More muskets blazed away, flashes of light, the bang of the gun, and his men screaming, screaming, in fury, in fear, in agony. Madshaka felt a bullet whiz by but there was no chance that he might be struck down. There was a shield of pure energy around him that would not be penetrated.

And then he was up with the first of the guards, all of whom had discharged their weapons and now were helpless because they had no skill for fighting, they could only fire muskets.

The man in front of him, a fat man, white face sweating, terrified, saw death coming at him in the form of a huge, leering black man, the death he feared most. He swung his musket like a club at that face, but Madshaka caught the butt of the gun before it developed any force and with the other hand drove his cutlass through the man’s fat white face.

His army was there, falling on the guards so fast that they were not even able to retreat to their guardhouse, but were flanked and cut off and hacked to death where they stood.

The door to the factor’s house was open, just for an instant, and Madshaka saw John van der Haagen, the factor-lean, vicious, his eyes like a snake’s-staring out, saw his assistant and some of the others behind him, and then he slammed the door shut, as if that would protect him from the slaughter.

Madshaka looked around him. The Kru warriors, the real nucleus of his army, were clustered there, as he had instructed them. He gestured to them and they followed him at a run, racing for the factor’s house.

The closed door was no more an obstacle than was the outer wall. Madshaka hit it with his shoulder and it collapsed in front of him and he was in the factor’s house, which was no more than a hut, albeit a big one, with a grass roof and a few rooms.

It was the main room they were in now, with its long table spread with bottles and pipes and bowls and playing cards. Two lanterns hung from a beam overhead, making the room the most brightly lit space in the compound.

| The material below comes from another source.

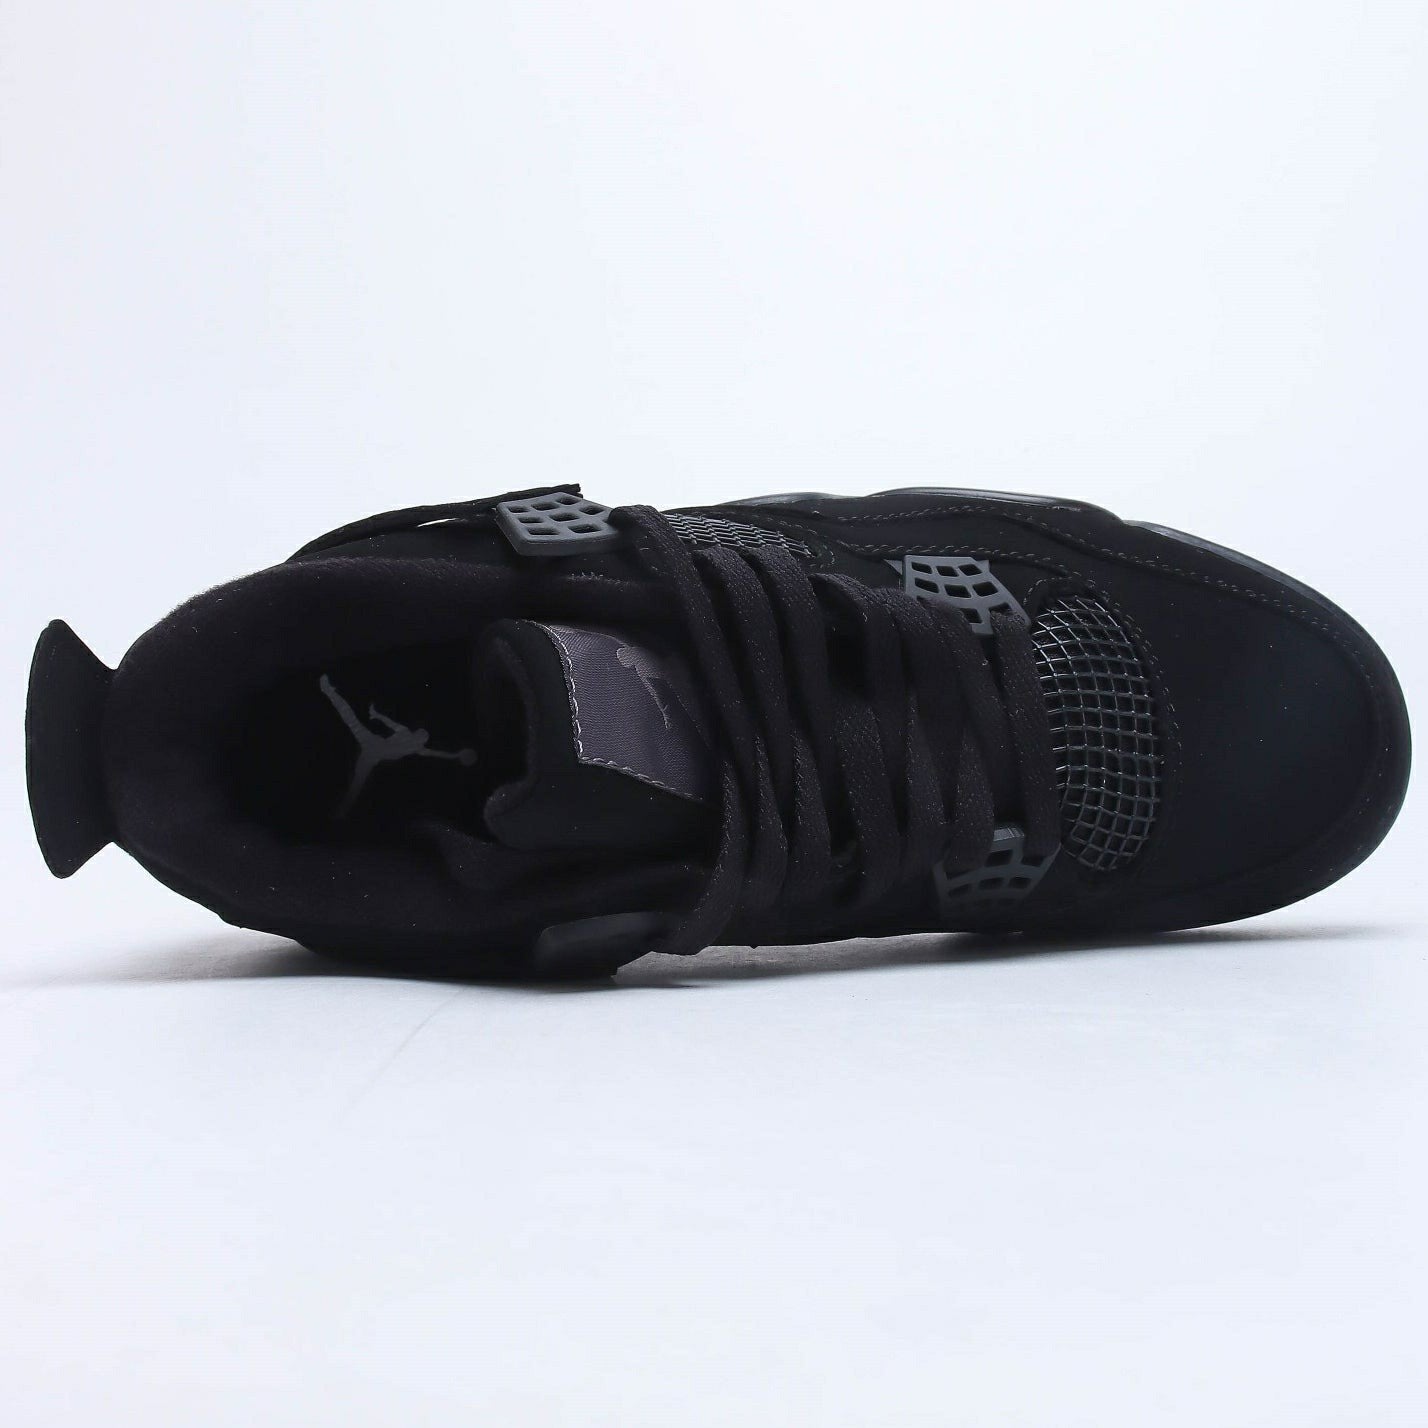 Nike Air Jordan 4 Retro Black Cat Sneakers Shoes

As he had guessed, the factor and his cronies had been carousing, drinking and gambling and working up the courage to go and drag one of the hapless slave girls from the trunk. But now they stood against the far wall, in breeches and sweat-soaked shirts, as if they were preparing for execution. Madshaka pushed into the room and his men flowed in behind him. Stevens, who was the assistant factor, raised a pistol in a trembling hand and fired.

The bullet missed Madshaka by inches-he could feel its passing- and struck the frame of the door.

Madshaka stopped, looked at the splintered wood, looked up at Stevens.

The assistant factor’s hand was shaking harder now, his mouth open, sweat standing out in beads on his forehead. Like Higgens, like the fat guard, he saw before him now the very thing that made him wake in terror in the night: a dangerous African, sold into slavery, come back for him.

The gun slipped pathetically from his fingers and made a thudding sound on the dirt floor.

It did not matter that Stevens had fired at him. He would have died regardless. They were all traitors and bastards, but Stevens was the worst and the most expendable.

“Madshaka…,” said Van der Haagen, a Dutchman in English employ.

Madshaka ignored him. A demonstration first, to make certain they all knew his position, and then talk. He sheathed his cutlass, took two long steps across the room, grabbed Stevens by the collar of his waistcoat and jerked him closer.

“Madshaka!” Van der Haagen shouted, but Madshaka whipped out his dirk and drove it into Stevens’s gut, held him there, pinned on the long blade, their faces inches apart, their breath mingling. He could smell the stale tang of dried sweat on Stevens’s clothes, the rum and smoke on his breath, the shit and piss that he could no longer hold in.

Stevens gasped, his eyes bulged, and gurgling sounds came from his throat. Then Madshaka twisted the blade and pushed Stevens away and the assistant factor fell to the ground and blood erupted from his mouth. But he was not dead, and Madshaka knew he would not be for an hour at least, and his writhing and choking on his own blood created just the background he wanted for their discussion.